In our experiment with art as an interactive multifaceted project we seek a thoroughgoing practical experimentation in participation and social organisation. We see our art projects as an experimental union of people centred around a common task. We seek to combine this with a theoretical and empirical investigation into democracy, and participation in general.  We explore ways of deepening democracy in its direct, representational and associative variants. We explore ideas of democracy at the level of the state, the workplace, in art and other associations.

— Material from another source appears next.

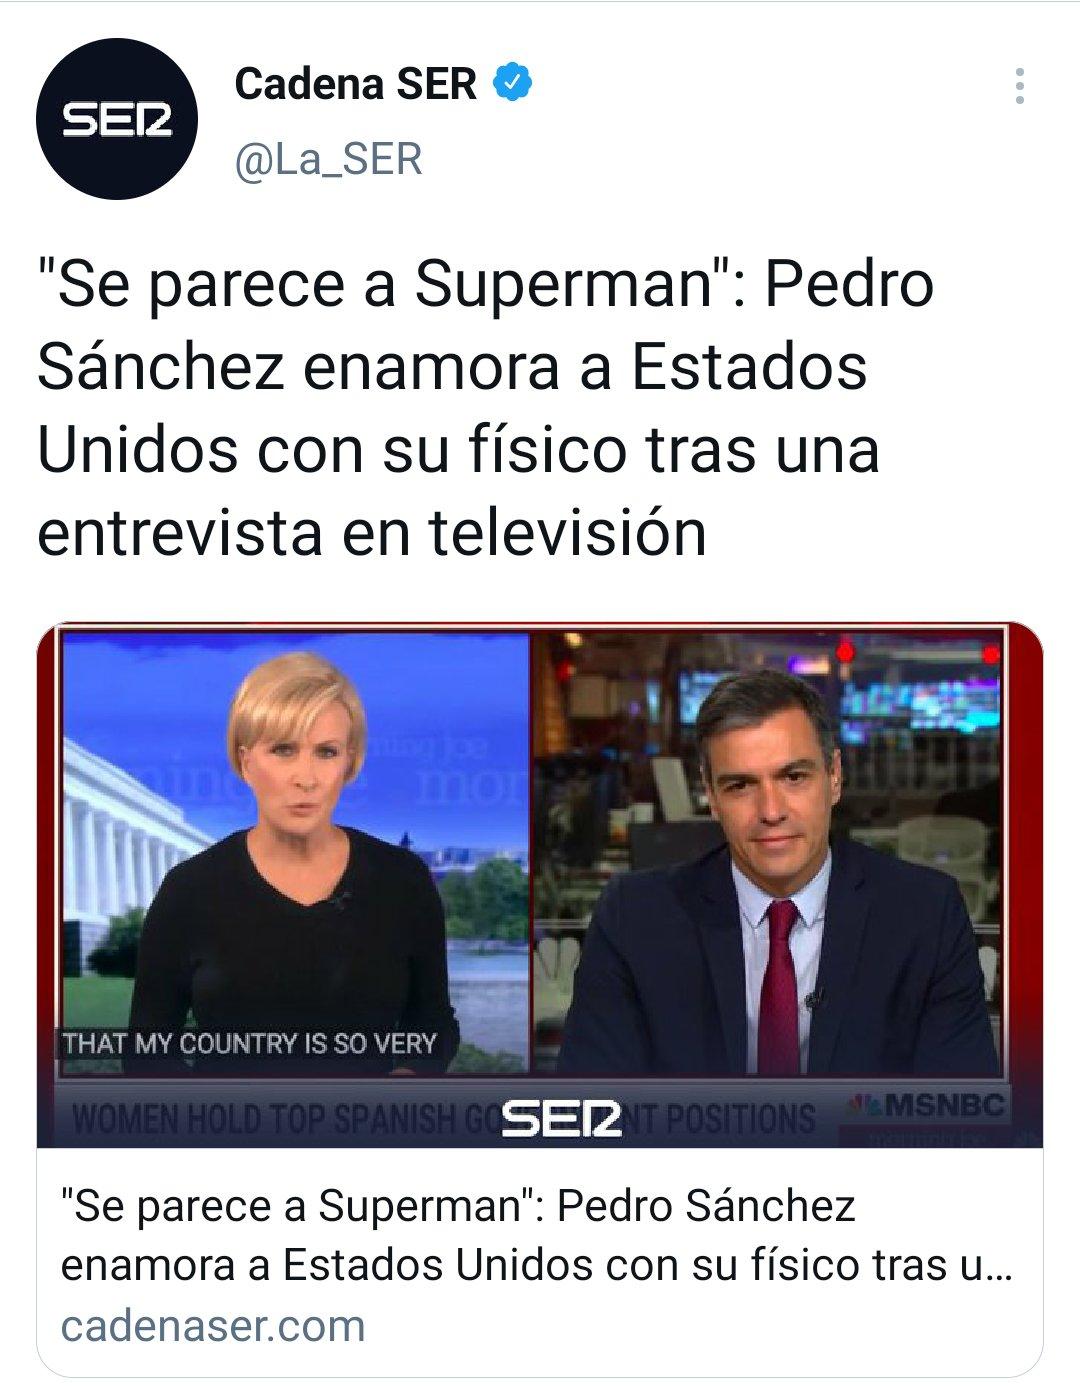 Fundación ideas y grupo PRISA, Pedro Sánchez Susana Díaz & Co, el topic del PSOE - Página 19 E66FKzgVgAQ67w6?format=jpg&name=large
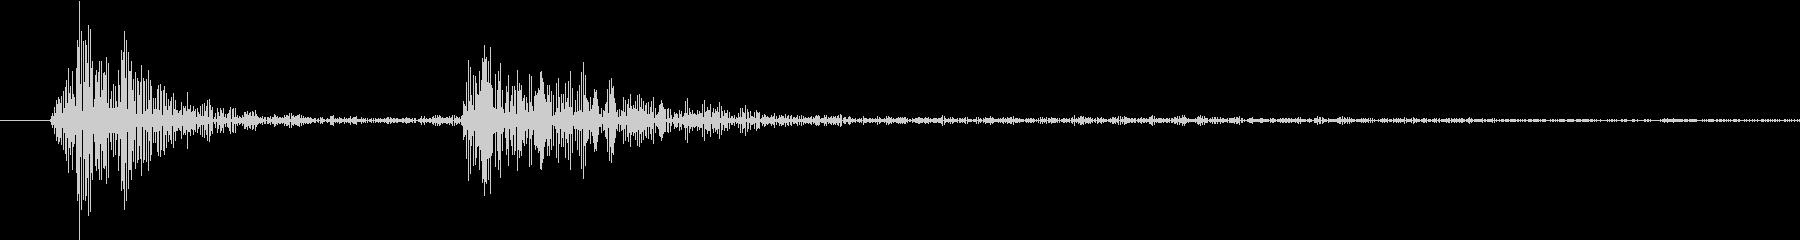 【生録音】お箸の音 17 そっと手に取るの未再生の波形

We are no starry eyed sentimentalists. Nor do we hold any singular blueprint for all future endeavours. The best anti-utopians have rightly taught us that the future is, in important respects, fundamentally unpredictable. Different contexts require different courses of action that cannot be reduced to a singular one-size-fits-all model. Nonetheless, we do not abandon our utopian predecessors. We excavate utopian imagination and creative vision, not out of naivety, but precisely because we are aware that good intentions alone are insufficient. We seek to learn from past experiments and future dreams. We seek a thorough empirical and theoretical investigation into future possibilities for the formation of organisational structures, and the means of transitioning between them. We discover within utopianism a practical problem solving and modelling component. Through this we seek the fusion of experimental imagination and scientific rigor for the purpose of deepening our lexicon of possibilities.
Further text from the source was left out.